I Would Rather Gouge My Own Eyeballs Out With A Dull Butter Knife Than Go To The Van Brunt Post Office In Brooklyn
or "Van Brunt Station is the Worst Post Office on the Planet"
or "How I Spent My Saturday Morning."
Let it be said: I love almost everything about my neighborhood except for my local post office.
We have to get expedited passports for Steph and the kids due to a potential trip to Ireland in February. It takes two weeks, so we're running out of time. So this week I spent a lot of time getting together all the required documentation, filling out the applications, getting passport photos, etc. This ain't cheap either - four expedited passports will cost about five hundred smackaroos.
So I get all my crap together and check the State Department website to find out where I can apply, preferably on the weekend, since the kids will have to apply in person. Luckily, my local post office (Van Brunt Station) accepts applications as follows:

It's in the sixties this morning, so I hate to drag us all down to the post office, but it has to be done. It should also be noted that I dread going to Van Brunt Station anyway. The customer service is notoriously terrible there. They don't know how to manage a queue, so there are usually two or three nebulous groups of confused people waiting to go to mysteriously unmarked windows for services unknown. If you are lucky, you can get through one of the lines in 30-45 minutes. But that time is spent smashed into a smallish room with dozens of other rightfully angry and impatient Brooklynites. When you finally make it to the window, you are greeted by someone who must have just been kicked right in the face by somebody who looks exactly like you. The thing I don't understand is how someone can be so terribly angry and still move slower than molasses in January...
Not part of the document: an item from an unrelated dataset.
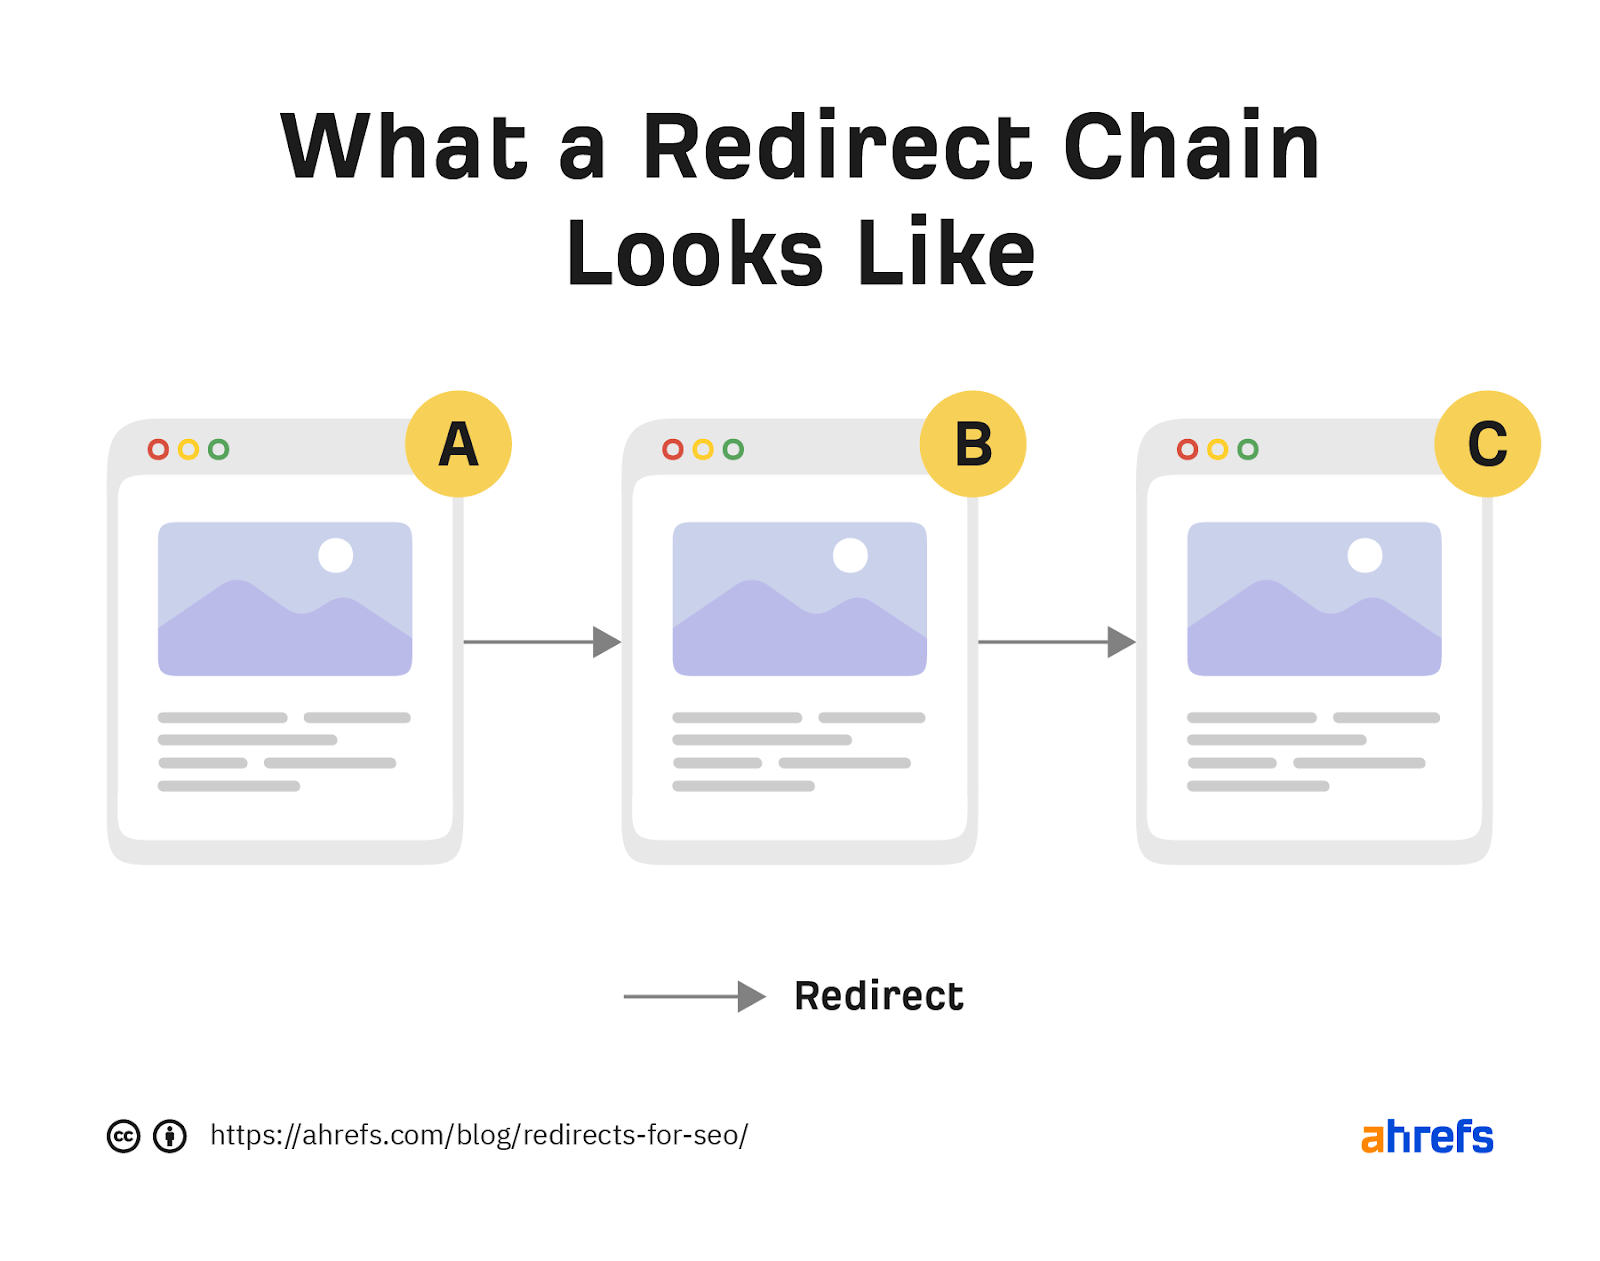 What a redirect chain looks like

(This is not to even mention the mail delivery problems. Almost weekly, I get some mail that belongs to my neighbors. If a box is too big to put in our mailbox, the mailman leaves a note to come to Van Brunt, where you'll wait in one of those lines for an hour only to find out your package has been misplaced. Finally, if you subscribe to GQ magazine, like me, and the cover includes anything like a bikini, you can forget about that issue making it to your mailbox. Bottom line: If you want us to get it, don't mail it.)
So, back to the story, we get to Van Brunt about 11:20, which is later than I'd hoped, but still well ahead of the 12pm closing time. Miraculously, we make it to the front of the line at 12pm. As I push my well-organized set of application documentation across the desk, the lady snaps "The Passport Window Is Closed! We stop accepting passport applications at 11:30!"
......
Three babies, 40 minutes, a week of preparation, and now this. I sputter something about the web site hours and three kids and why am I the victim of such a vengeful God, to no avail. When I ask her why the hours are different than what the State Department says, I get this very helpful response: "I have no idea."
Needless to say, there is nothing in heaven or on earth that I can do to change this situation. The edict has been handed down from high atop the Postal Service Employee's throne and I must deal with it. This means that now I have to keep the kids out of school one day next week to apply for a passport. And you can bet your booty it won't be done at Van Brunt.
Okay I'm finished venting.


1 Comments:
i definitely would have slowed the line even longer to file a formal complaint, and asked the kids to politely scream at the top of their lungs, into the face of the postal worker until i was finished.
ahh, bureaucrats, you can't live with 'em...you can't take off your shoe and smack'em.